Les soignants devront donc toujours appliquer systématiquement les précautions standard à tous les patients, quel que soit leur diagnostic. Ils devront compléter les précautions standard par les précautions gouttelettes lorsqu’ils dispensent des soins à des patients présentant des symptômes d’infection respiratoire aiguë. Il leur faudra aussi adjoindre à ces mesures les précautions contact et le port d’une protection oculaire pour s’occuper de cas probables ou confirmés d’infection par le MERS-CoV; les précautions aériennes devront être mises en œuvre lors de l’exécution d’actes générant des aérosols.

Jusqu’à ce que l’on en sache plus sur le MERS-CoV, les personnes atteintes de diabète, d’insuffisance rénale ou de maladie pulmonaire chronique ou encore les individus immunodéprimés seront considérés comme à haut risque de maladie grave en cas d’infection par le MERS-CoV. Par conséquent, ces personnes devront éviter les contacts rapprochés avec des animaux, en particulier les chameaux, lorsqu’ils se rendent dans des fermes, sur des marchés ou dans des étables ou des écuries, où l’on sait que le virus circule potentiellement. On appliquera également des mesures générales d’hygiène comme se laver systématiquement les mains avant et après avoir touché un animal et éviter les contacts avec des animaux malades.

On observera également les règles d’hygiène alimentaire. On évitera ainsi de boire du lait de chamelle cru ou de l’urine de chameau, ou encore de consommer de la viande qui n’est pas assez cuite.
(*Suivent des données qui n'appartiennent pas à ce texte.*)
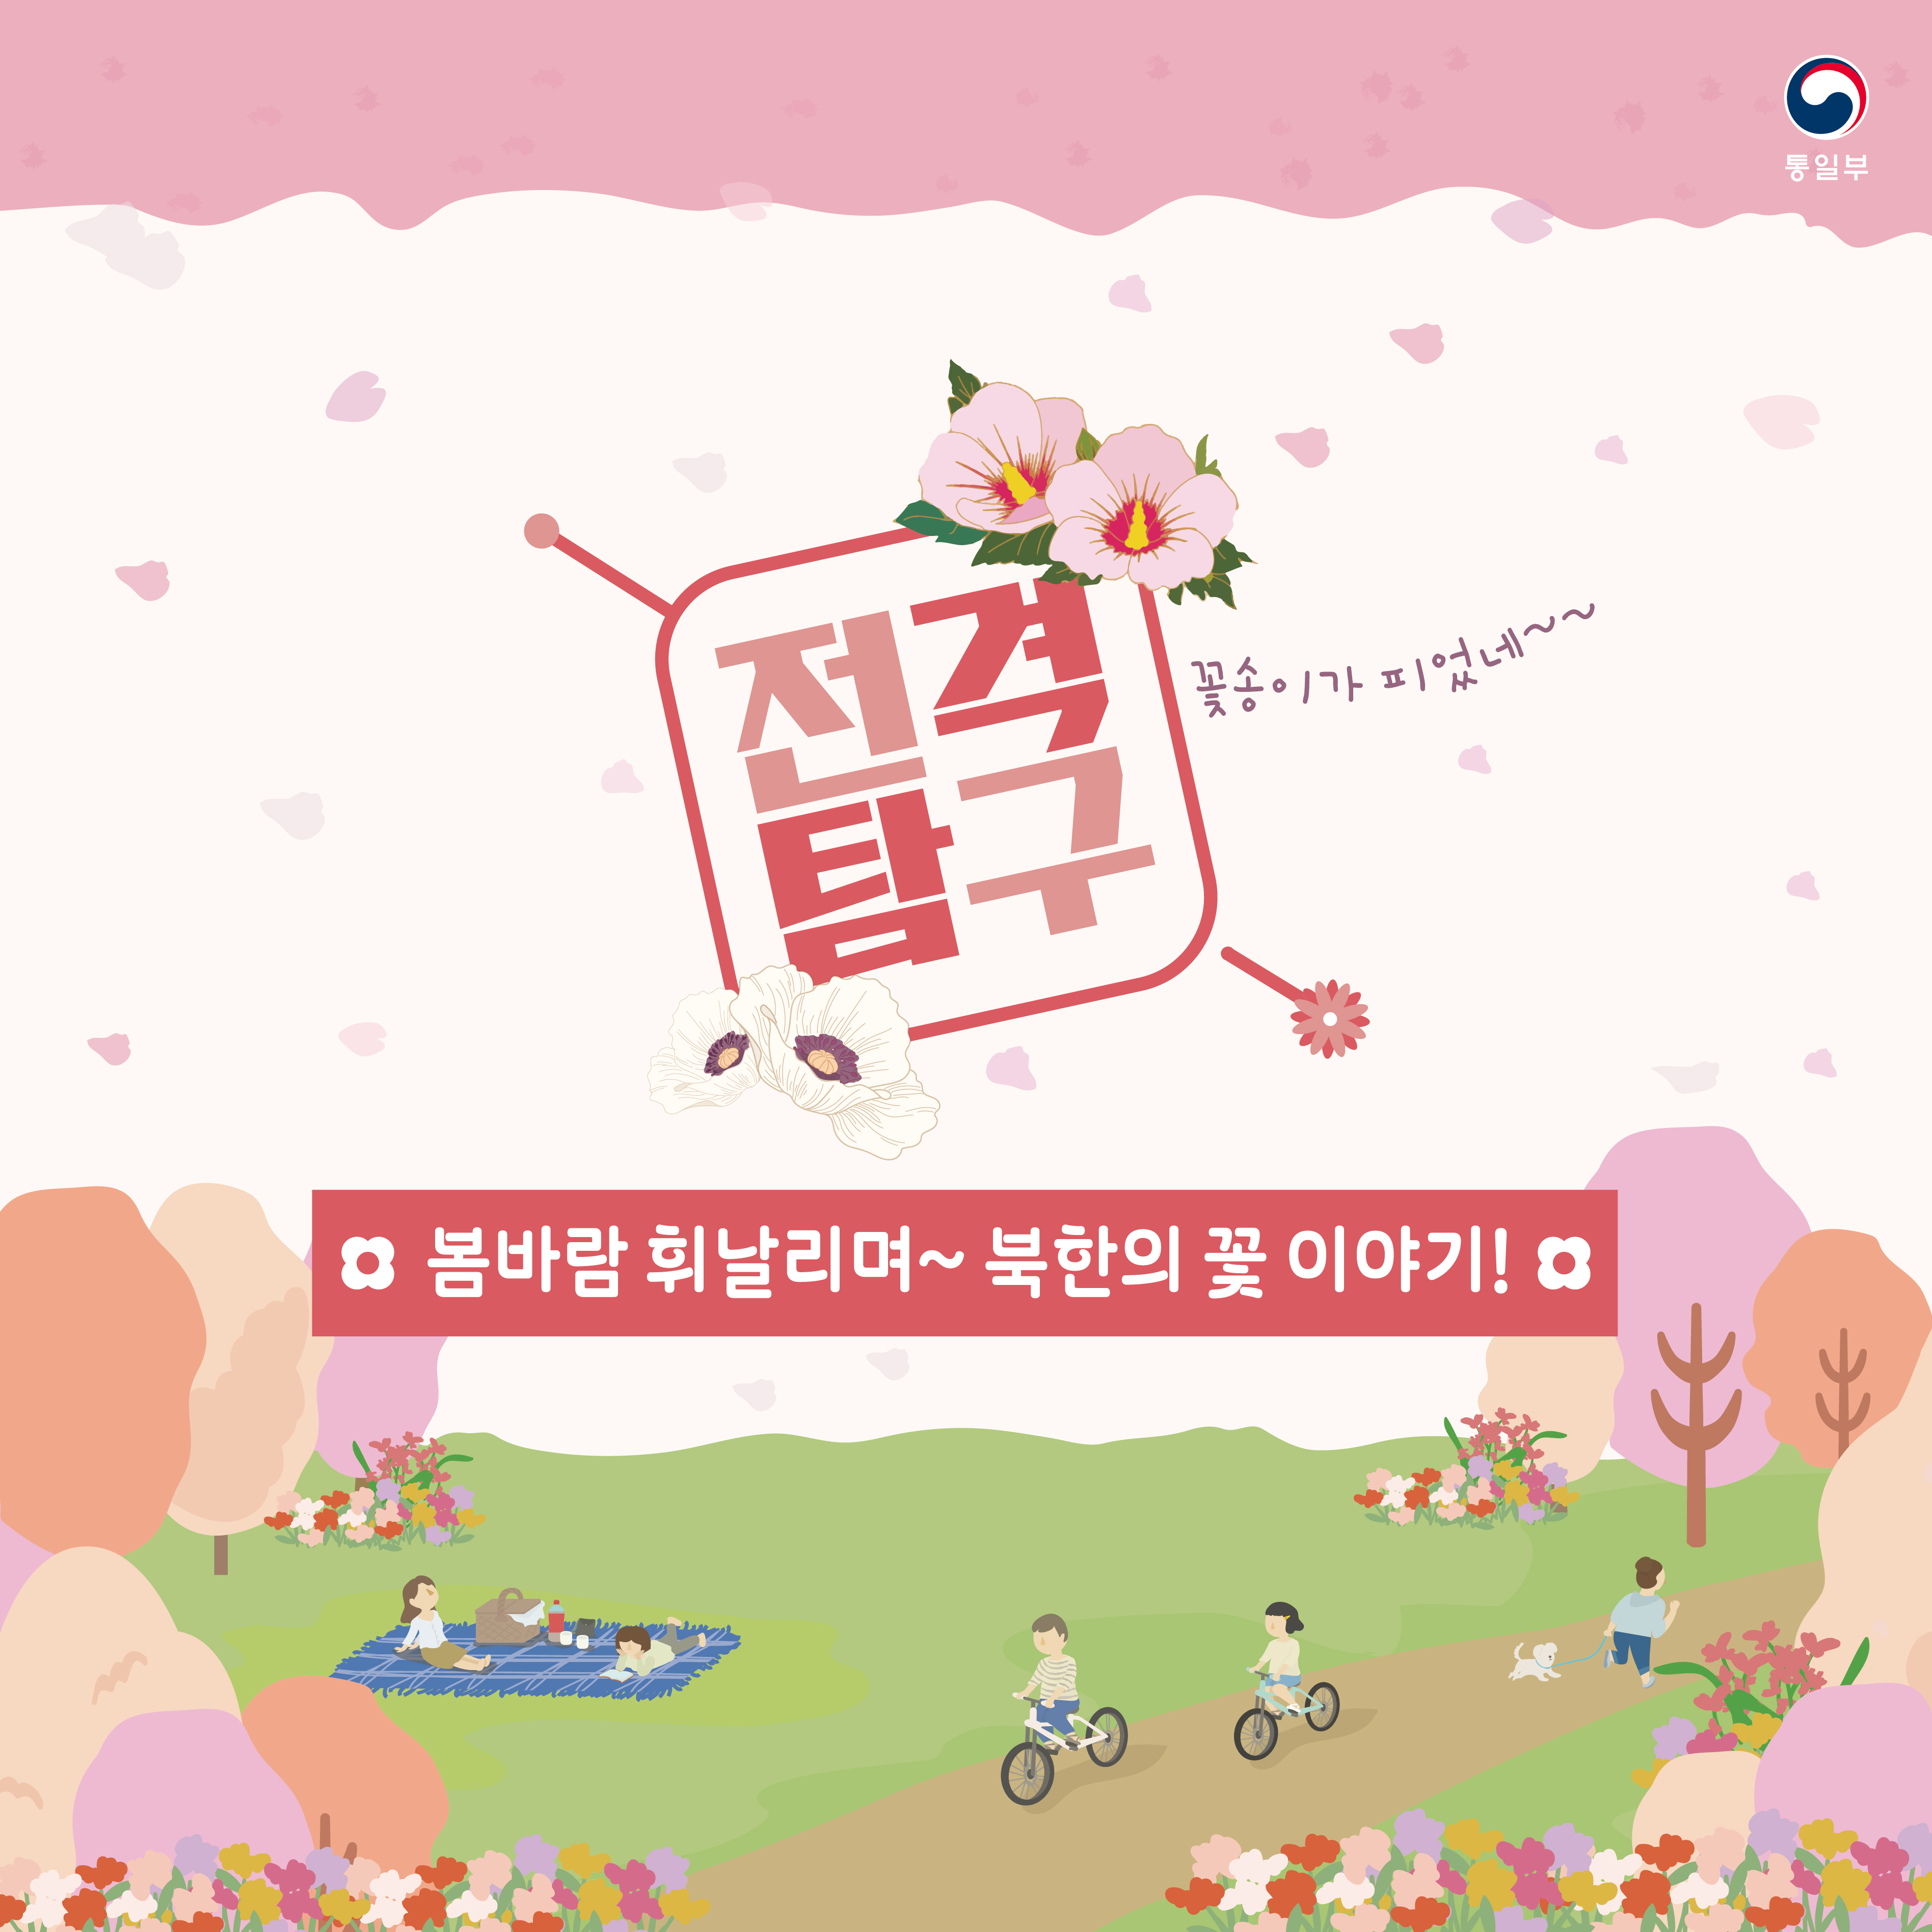 전격탐구
봄바람 휘날리며~ 북한의 꽃 이야기!

L’OMS reste vigilante et surveille la situation. Compte tenu de l’absence de preuve d’une transmission interhumaine soutenue dans la communauté, l’OMS ne recommande pas l’application de restrictions aux déplacements et au commerce en rapport avec cet événement. La sensibilisation au risque du MERS-CoV pour les voyageurs à destination et en provenance des pays affectés est une bonne pratique de santé publique.

Les autorités de santé publique dans les pays hôtes préparant des rassemblements de masse doivent veiller à ce que toutes les recommandations et orientations publiées par l’OMS sur le MERS-CoV aient été dûment prises en considération et diffusées auprès des responsables concernés. Elles doivent planifier la mobilisation de capacités d’intervention supplémentaires pour s’assurer que les visiteurs participant aux rassemblements de masse puissent être accueillis par les systèmes de santé.